The results is well known (i guess...) but i can not find any papers or textbooks contain some procedure of this.

Answer 1

Rewrite the product in your first equation as $-iq^{1/8}y^{1/2}(1-y^{-1})\prod_{k=1}^{\infty}(1-q^k)(1-yq^k)(1-y^{-1}q^k)$ (just tweak the third part of the product), divide out $(1-y^{-1})$ from the equation, then use L'Hôpital's rule (with respect to $z$ as it approaches $0$) to calculate the limit of the left-hand theta expression; the result you want follows immediately.

You can also substitute $y=e^{2i\pi/3}$ and $q^{1/3}\mapsto q$ to evaluate the Dedekind eta function as a theta function (since $(1-q^{k/3}e^{2i\pi/3})(1-q^{k/3}e^{-2i\pi/3})(1-q^{k/3})=1-q^k$).

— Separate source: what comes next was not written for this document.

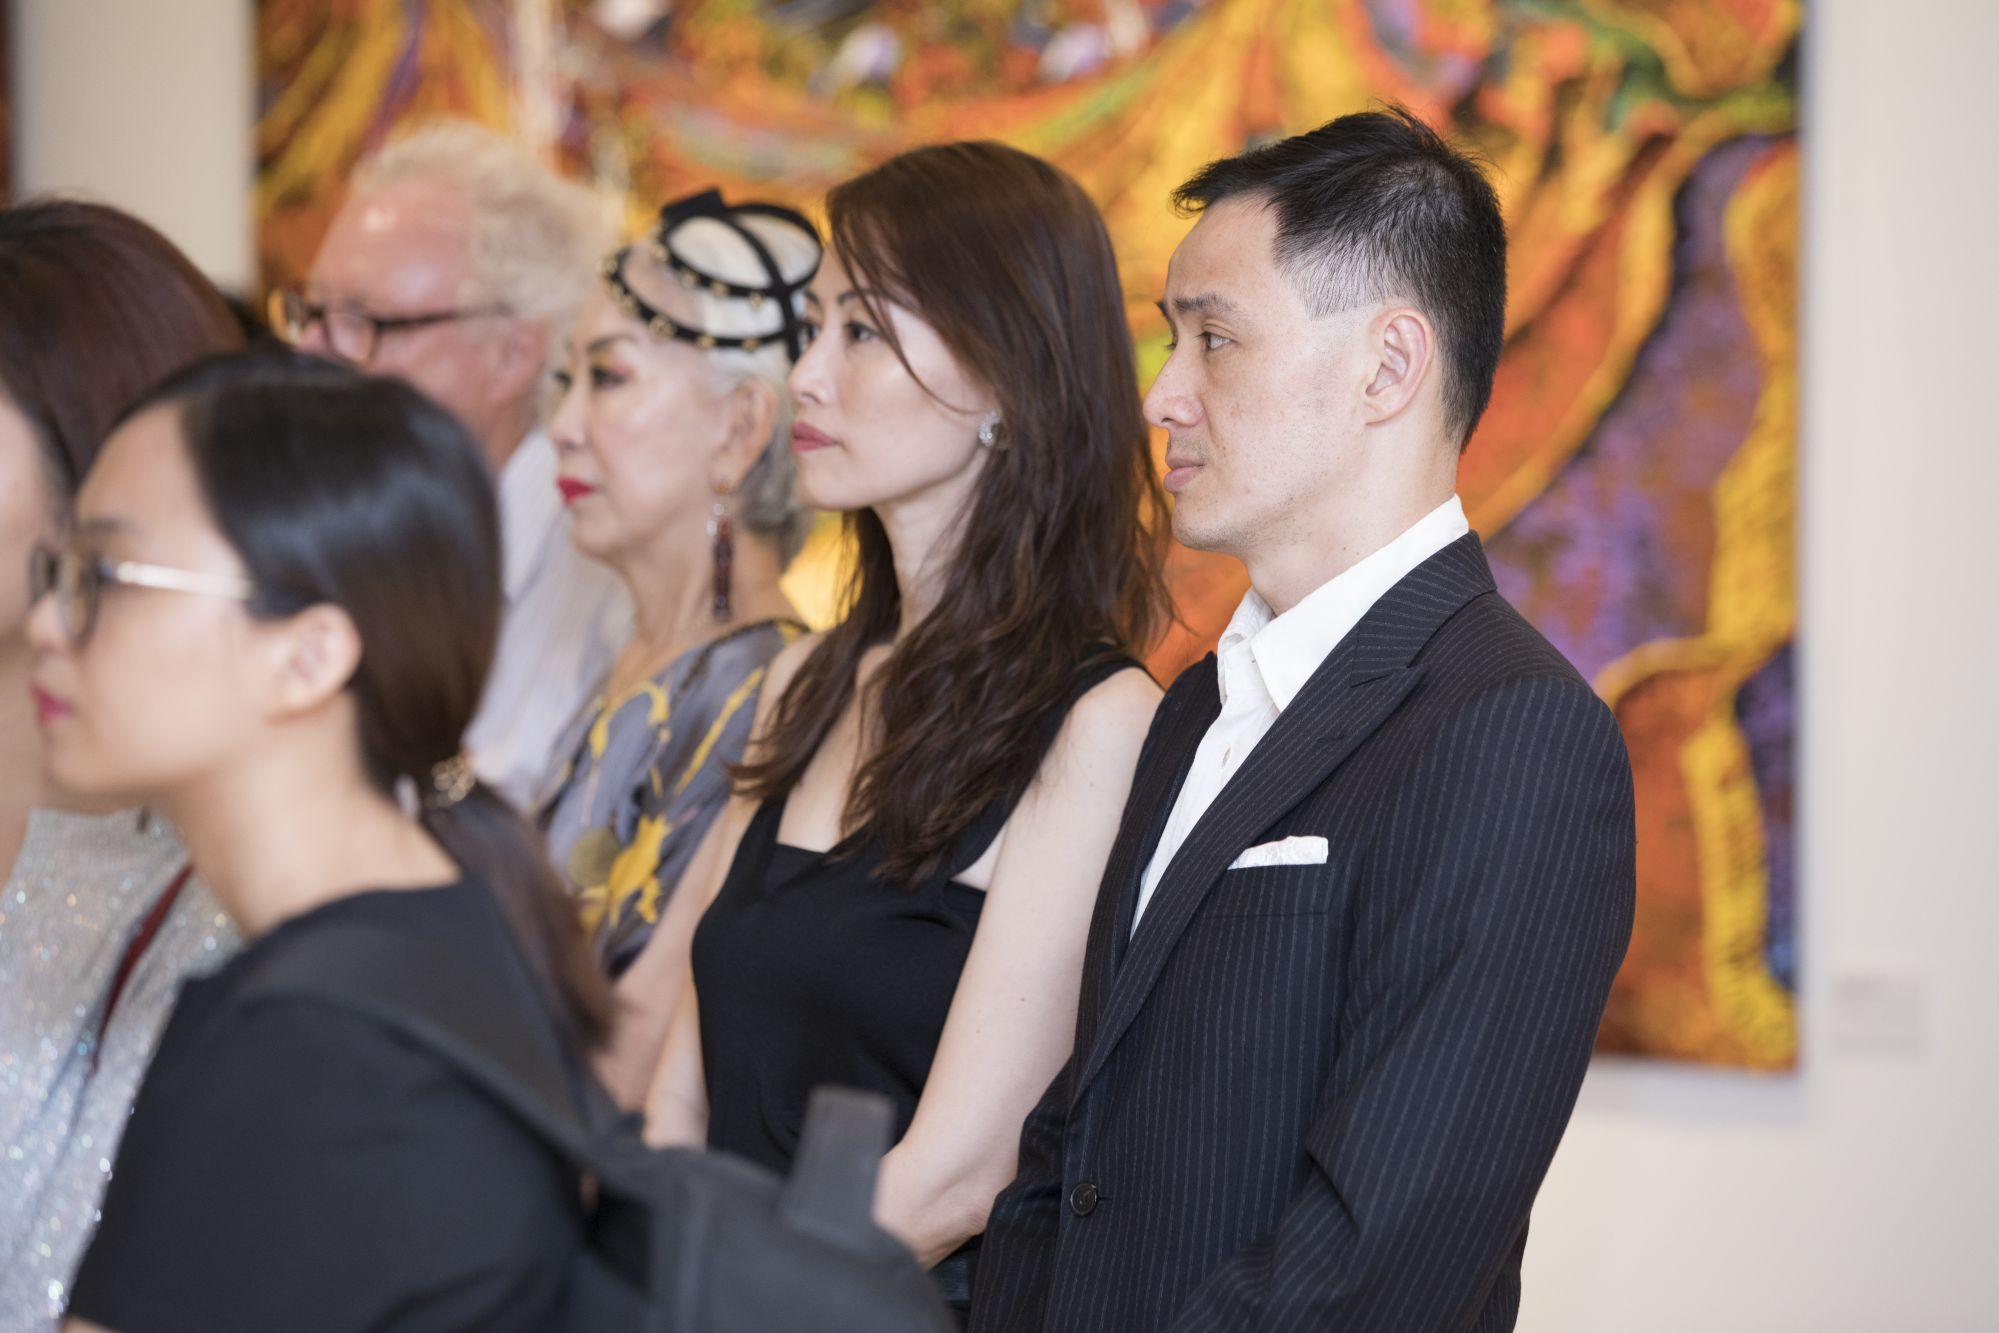 Serene Tan, Benjamin Kim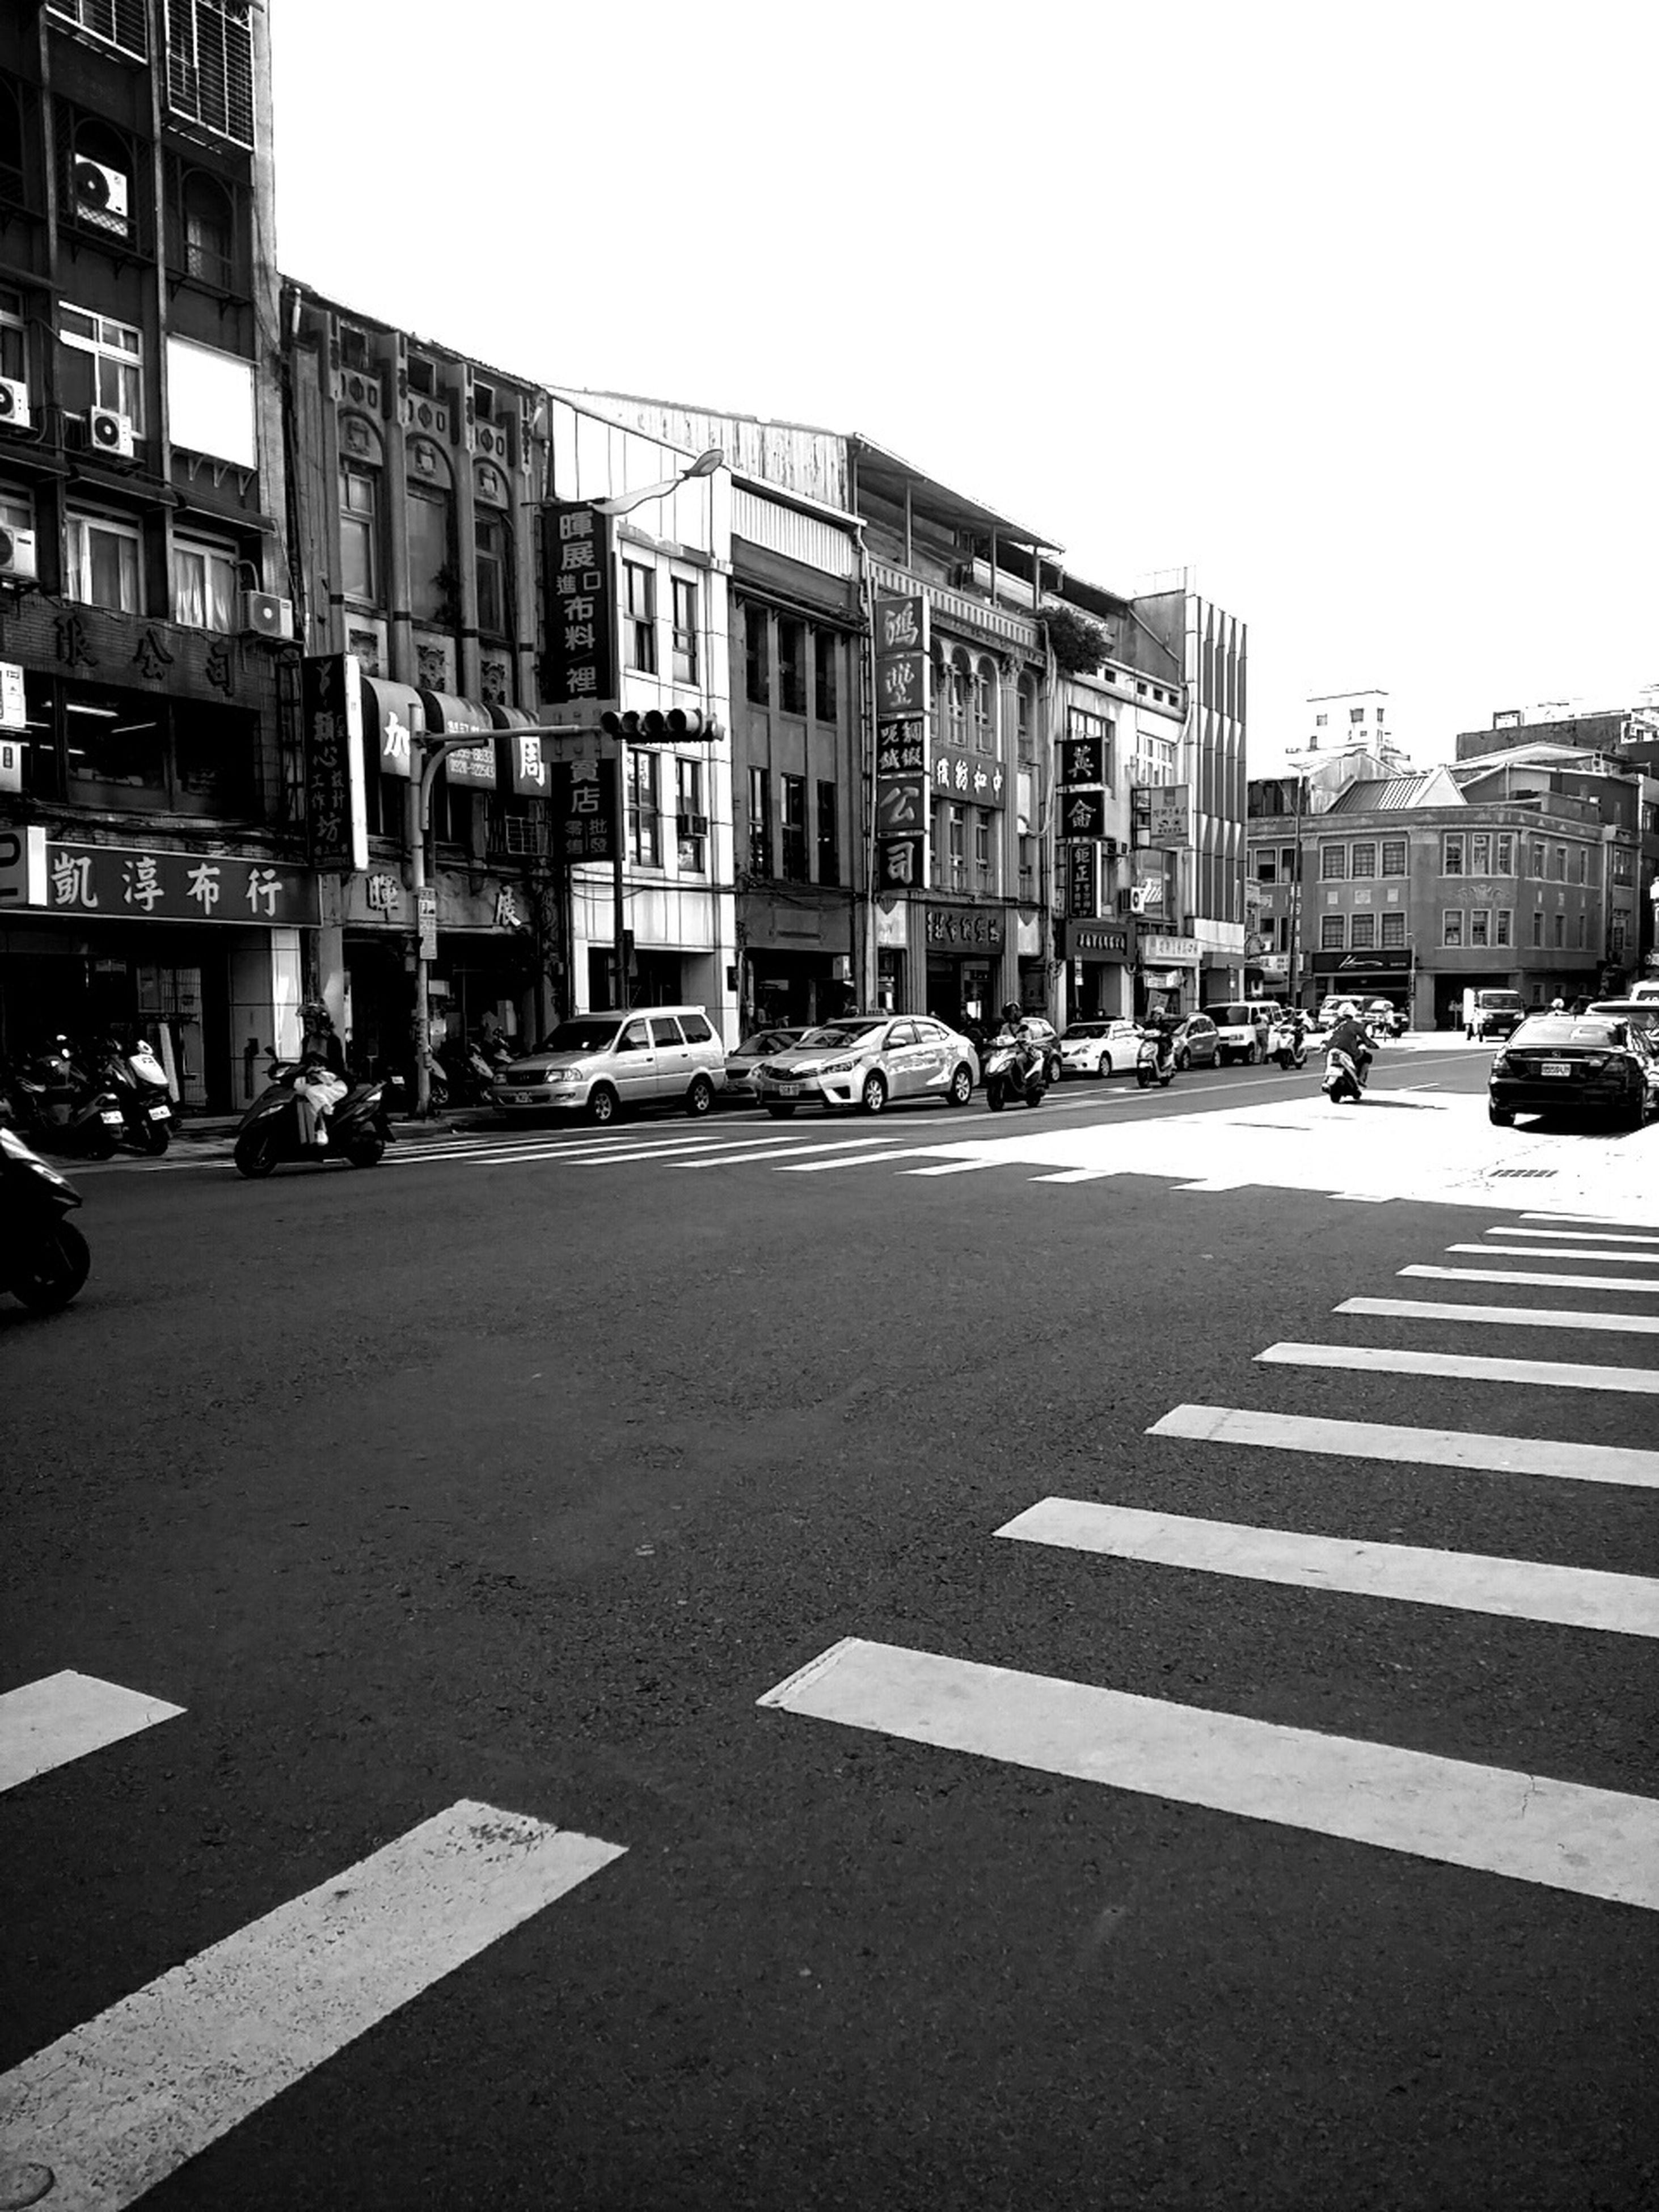 building exterior, road marking, street, architecture, city, built structure, transportation, road, car, city street, zebra crossing, city life, land vehicle, road sign, incidental people, arrow symbol, asphalt, mode of transport, the way forward, guidance

As far as I know, I don't think this problem needs residue calculus to solve it, so the title may be misleading.

Answer 2

From Antonio DJC's comment i explicit compute

\begin{align} &\theta_1(q, y)= -i y^{\frac{1}{2}}q^{\frac{1}{8}} \prod_{n=1}^\infty \left(1-q^n\right)\left(1-y q^n\right) \left(1-y^{-1}q^{n-1} \right) \\ &\phantom{\Theta(q,y)}= -i y^{\frac{1}{2}}q^{\frac{1}{8}}(1-y^{-1}) \prod_{n=1}^\infty \left(1-q^n\right)\left(1-y q^n\right) \left(1-y^{-1}q^{n} \right), \\ &\frac{\theta_1(q,y)}{1-y^{-1}}= -i y^{\frac{1}{2}} q^{\frac{1}{8}} \prod_{n=1}^\infty \left(1-q^n\right)\left(1-y q^n\right) \left(1-y^{-1}q^{n} \right) \\ & \lim_{z \rightarrow 0} \frac{\theta_1(\tau|z)}{1-y^{-1}} =\lim_{z \rightarrow 0} \frac{\theta_1'(\tau|z)}{y^{-2} 2\pi i} = \frac{\theta_1'(q,1)}{2\pi i} = -i q^{\frac{1}{8}} \prod_{n=1}^{\infty} (1-q^n)^3 = -i \eta(q)^3 \end{align} where we used $\frac{df(y)}{dz} = \frac{df}{dz} \frac{dy}{dz} = \frac{df}{dz} 2\pi i$. And Dedkind eta function is given as $\begin{align} \eta(q)=q^{\frac{1}{24}} \prod_{n=1}^\infty (1-q^n) \end{align}$